[torqueusers] Weird re-running jobs on a new installation of torque with maui.

Discussion:

Mike Diehn

2016-11-01 14:51:54 UTC

Just got a shiny new cluster with Bright 7 and CentOS 7.2. It came with
SLURM selected. I chose Torque instead, v 6.0.0 and installed Maui v 3.3.2.

I submitted a test job and it queued and ran just fine. Seemed to running
an awfully long time, though - all I had in the submit script is "uname -a"
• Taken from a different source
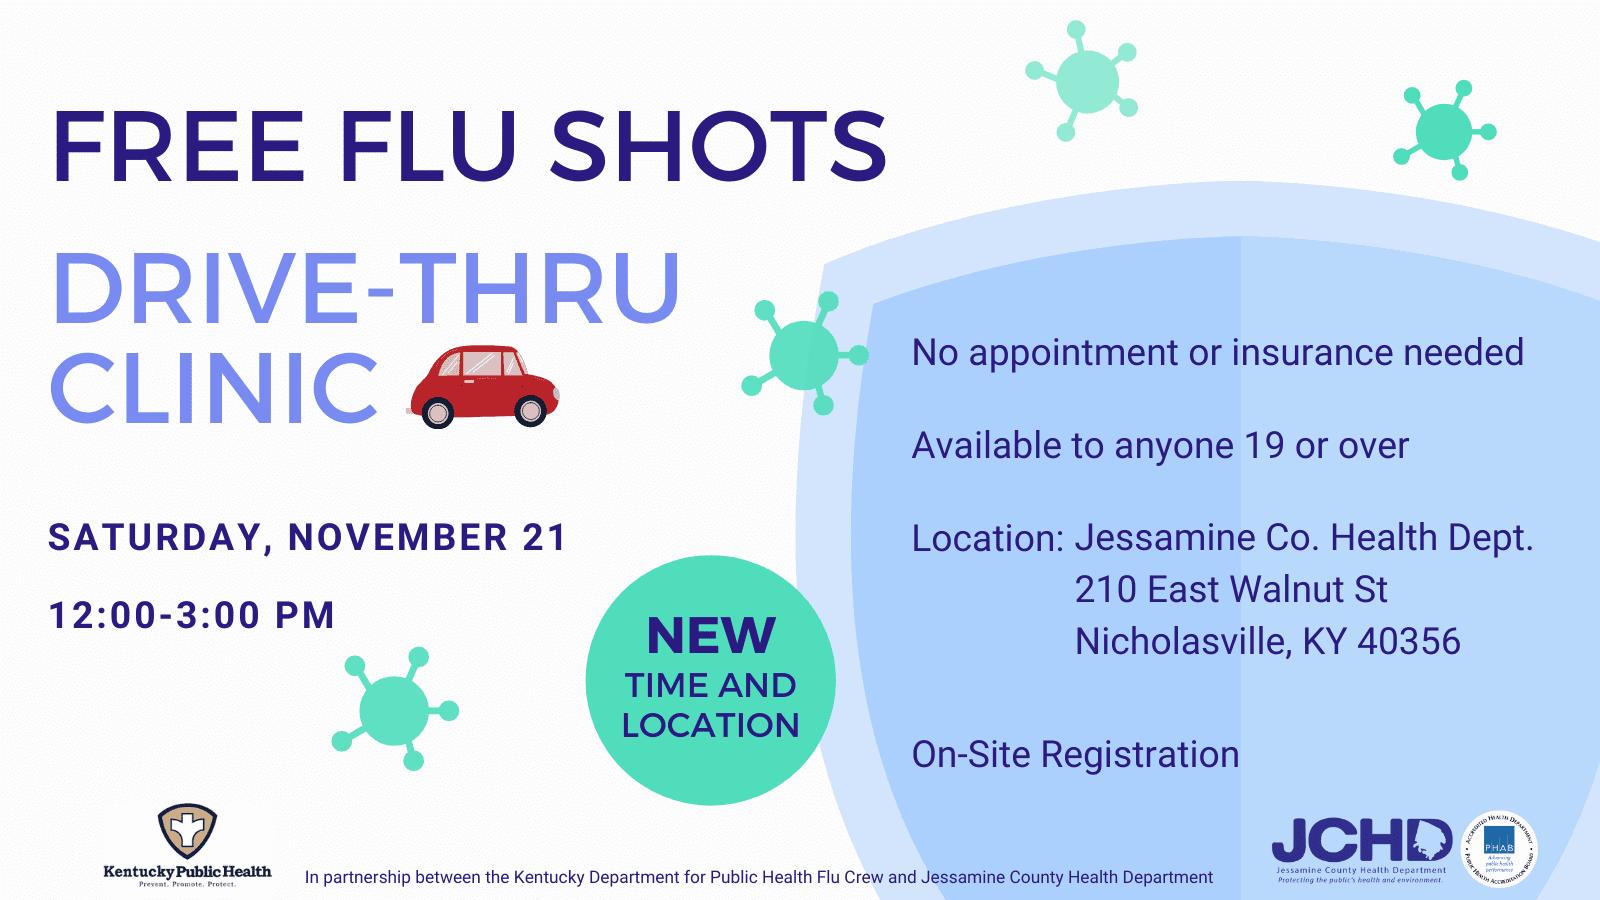 Drive Thru Flu Clinic @ JCHD parking lot

After watching carefully, I noticed the job was running over and over and
over and over! Every time it finished, it would start up again. I had to
qdel it to get it stop.

It had the RERUNABLE flag set, but I don't take that to mean it *should*
re-run. And when I submitted another test with "qsub -r n ...." that job
didn't start at all until I used qrun.

So, I'm wondering if there's something I need to do with Maui or Torque to
make them play nice with each other. I followed the "integration guide" up
at adaptivecomputing, but no changes.

Best,
Mike

--
Mike Diehn
Enfield, NH
***@diehn.net

David Beer

2016-11-01 16:34:02 UTC

Permalink

Mike,

I've never heard of this issue that you're reporting, but I know that we
have patched Maui to be compatible with the way Torque now reports usage
information. If you check out Maui from source and build that, then you'll
get that change. I haven't heard of anyone else reporting that jobs run
multiple times.

As far as the rerunnable flag, you are correct; jobs shouldn't run multiple
times. Have you looked into the logs (perhaps via tracejob) to see why the
job is being run again?

Post by Mike Diehn
Just got a shiny new cluster with Bright 7 and CentOS 7.2. It came with
SLURM selected. I chose Torque instead, v 6.0.0 and installed Maui v 3.3.2.
I submitted a test job and it queued and ran just fine. Seemed to running
an awfully long time, though - all I had in the submit script is "uname -a"
After watching carefully, I noticed the job was running over and over and
over and over! Every time it finished, it would start up again. I had to
qdel it to get it stop.
It had the RERUNABLE flag set, but I don't take that to mean it *should*
re-run. And when I submitted another test with "qsub -r n ...." that job
didn't start at all until I used qrun.
So, I'm wondering if there's something I need to do with Maui or Torque to
make them play nice with each other. I followed the "integration guide" up
at adaptivecomputing, but no changes.
Best,
Mike
--
Mike Diehn
Enfield, NH
_______________________________________________
torqueusers mailing list
http://www.supercluster.org/mailman/listinfo/torqueusers

--
David Beer | Torque Architect
Adaptive Computing

Mike Diehn

2016-11-02 13:01:22 UTC

Permalink

Post by David Beer
Mike,
I've never heard of this issue that you're reporting, but I know that we
have patched Maui to be compatible with the way Torque now reports usage
information. If you check out Maui from source and build that, then you'll
get that change. I haven't heard of anyone else reporting that jobs run
multiple times.

I haven't checked out the current maui from source and tried that yet. But
see below and would you please tell me if you think the changes will fix
what I found here?

Post by David Beer
As far as the rerunnable flag, you are correct; jobs shouldn't run
multiple times. Have you looked into the logs (perhaps via tracejob) to see
why the job is being run again?

David - in short, it *appears* everything is working as designed and I
simply need to figure out why my jobs are all returning -3. That's
JOB_EXEC_RETRY and means job execution failed, do retry.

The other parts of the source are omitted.